Утром Данилов налетел на Нового Маргарита. Данилов спешил заполнить последние бумаги перед убытием и не был расположен к долгому разговору.
– Ну что, выкарабкался? – засмеялся Новый Маргарит. – Как это ты устроил себе…
Тут Новый Маргарит замолчал. Данилов почувствовал, что Новый Маргарит хотел произнести слово «повременить», а потом и поинтересоваться, каким образом Данилов получил необъяснимое для всех покровительство, да, скорее всего покровительство, хотя об этом можно было строить только предположения. Но тема, видно, была запретная и для Нового Маргарита. «А действительно, – думал Данилов, – неужели он пожалел меня из-за того, что я костью чесал ему спину? Зачем же?.. Я ведь без всякой корысти…»
– Ловок ты, Данилов, ловок, – только и мог сказать Новый Маргарит.
– Слушай, – нахмурился Данилов. – Что это за огненная надпись была в Колодце Ожидания? Насчет яснычковой икры? Я не понял.
– Она не имела к тебе отношения. Выпала из другой программы. Дефект аппаратуры.
– А кожаный фартук?
– Он задержался более положенного. Нерасторопность одного из операторов. Он наказан.
– Надеюсь, не слишком строго?
– Не слишком.
– И еще я хотел спросить тебя…
– О домовом и о Синезуде, – сказал Новый Маргарит. – Ты не в силах их вернуть. И никто тебе не поможет.
– Что ж, это остается за мной.
– Смотри, – сказал Новый Маргарит.
– Почему меня так долго держали в ожидании?
– Какое долго! Ты был вызван не один. Да и у нас хватало хлопот. Ну и надо было позлить твое нетерпение. Но ты был хорош. Ты мне понравился. И дальше следить за твоей жизнью будет для меня удовольствием. Не со служебными целями следить, не бойся, а просто так. Как любопытному зрителю, неспособному на поступки. Очень интересно, какие еще повороты будут в твоей судьбе. И как отнесутся к тебе личности, для кого ты – заноза в глазу.
На том и разошлись.
Данилов сразу же вспомнил о железнодорожной пище, хотел было остановить Нового Маргарита и спросить его, что собирались достичь этой пищей, но Новый Маргарит был легок на ногу и слов Данилова, наверное бы, уже не расслышал. А кричать Данилов не стал.

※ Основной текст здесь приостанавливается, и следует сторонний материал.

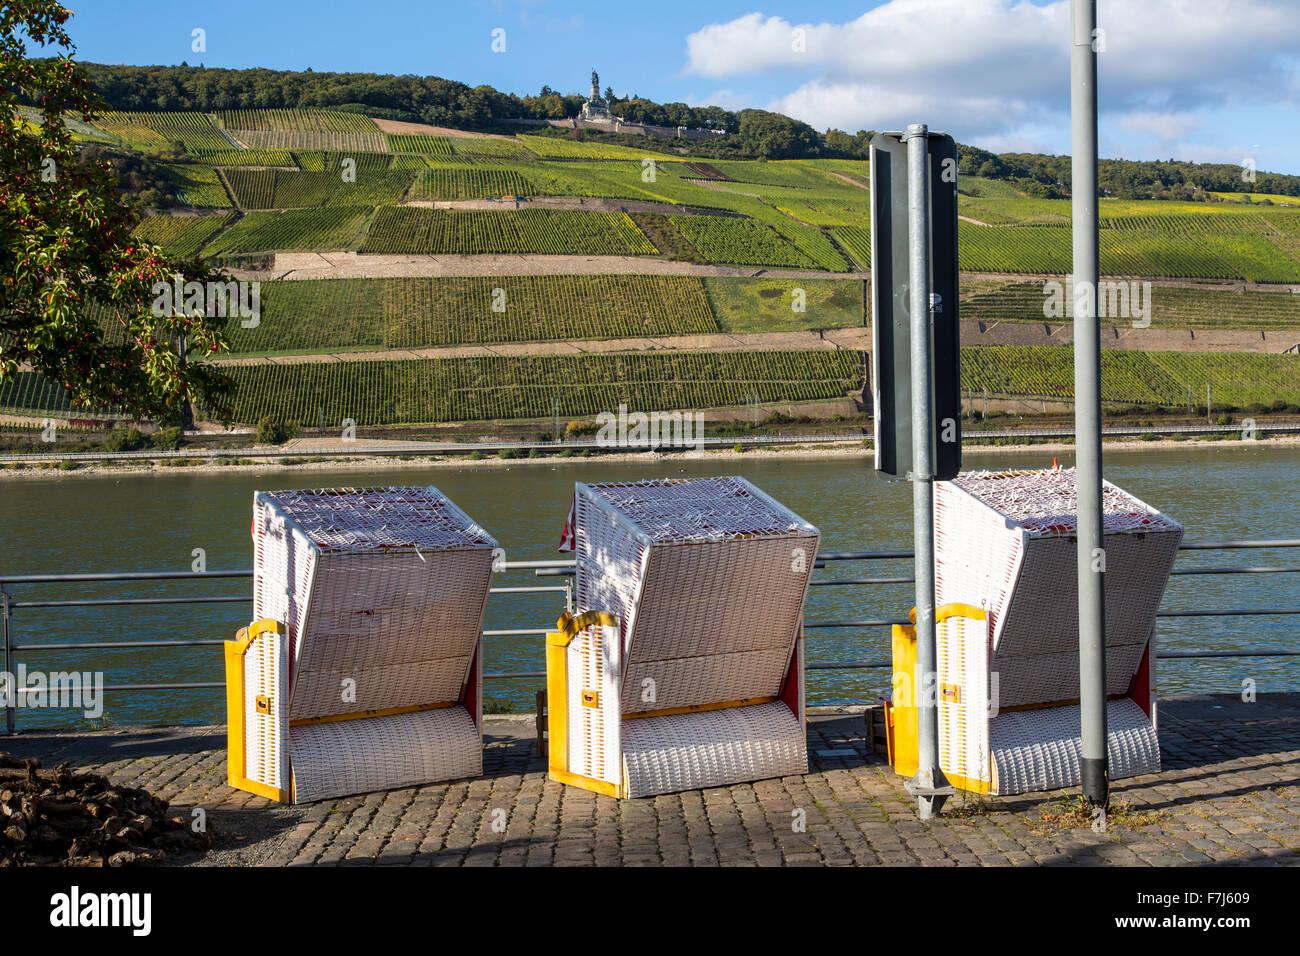 City of Bingen, upper middle Rhine valley, Germany, rive Rhine promenade, - Stock Image

«Удивил я его! – думал Данилов. – Я и самого себя удивил».
Во время разбирательства он взял да и повел себя так, будто он был именно демон и готов доказать несправедливость и оскорбительность для него, как добросовестного демона, обвинений. То есть так могло показаться со стороны. А какой он демон? Конечно, он более человек, нежели демон. Да что более! Скорее – он просто человек. Правда, с особенными возможностями. Что же, он изменил своей сущности и ради того, чтобы уцелеть, отверг все свое, дорогое? Нет, полагал Данилов, ничего он не изменил и ничего не отверг. Он хотел дать всем своим словам объяснения, чтобы с этими объяснениями жить дальше.
Каким мог быть исход разбирательства? Либо его гибель. Либо сохранение его демоном. И никакого Данилова – человека. Были еще возможности: превратить его в расхожую мелодию, лишить разума и поселить на пустынной планете и так далее, но все они виделись Данилову оттенками первого исхода.
Данилов был готов и к первому исходу. Сколько раз он говорил мысленно: «Нате, жрите!» Порой он представлял себя мучеником и чуть ли не умилялся будущему мученичеству. Но что толку было бы в его мученичестве? Конечно, он не изменил бы себе, одно это много значило. Но можно было и по-иному не изменить. А так он погиб бы, тихо исчез, и все, никто бы не узнал, почему он погиб и ради чего. Однако в начале разбирательства Данилов был согласен и с тихим исчезновением. Он торопил судей: «Скорее, скорее, что же тянете!» Но потом он вновь ощутил себя Музыкантом. Чем он был хуже тех, кто судил его? Каким таким особенным пониманием смысла существования своего собственного и, скажем, смысла существования людей обладали они, чтобы иметь право выносить приговоры и определять, что хорошо и что плохо? Нет, теперь Данилов не желал признавать за ними такое право. Он получил жизнь и получил право на эту жизнь не менее, а куда, по его понятиям, более значительное, нежели присвоенное ими право судить других и направлять чужие жизни. Вот он и взъерепенился, и пошел на Валентина Сергеевича и на его заместителя чуть ли не в атаку. Он не желал, чтобы они взяли над ним верх. Он, на словах, ставил под сомнение справедливость их оценок и выводов, пользуясь их же логикой и их правилами игры. Да, и он играл, хотя и не лицедействовал. Все шло само собой. Он им дерзил, стараясь дурачить их, и они, судя по первому приговору, поняли это. Впрочем, может, некоторые и не поняли. Или же им понравилось, как он держался. Они, по ощущению Данилова, с облегчением приняли «повременить».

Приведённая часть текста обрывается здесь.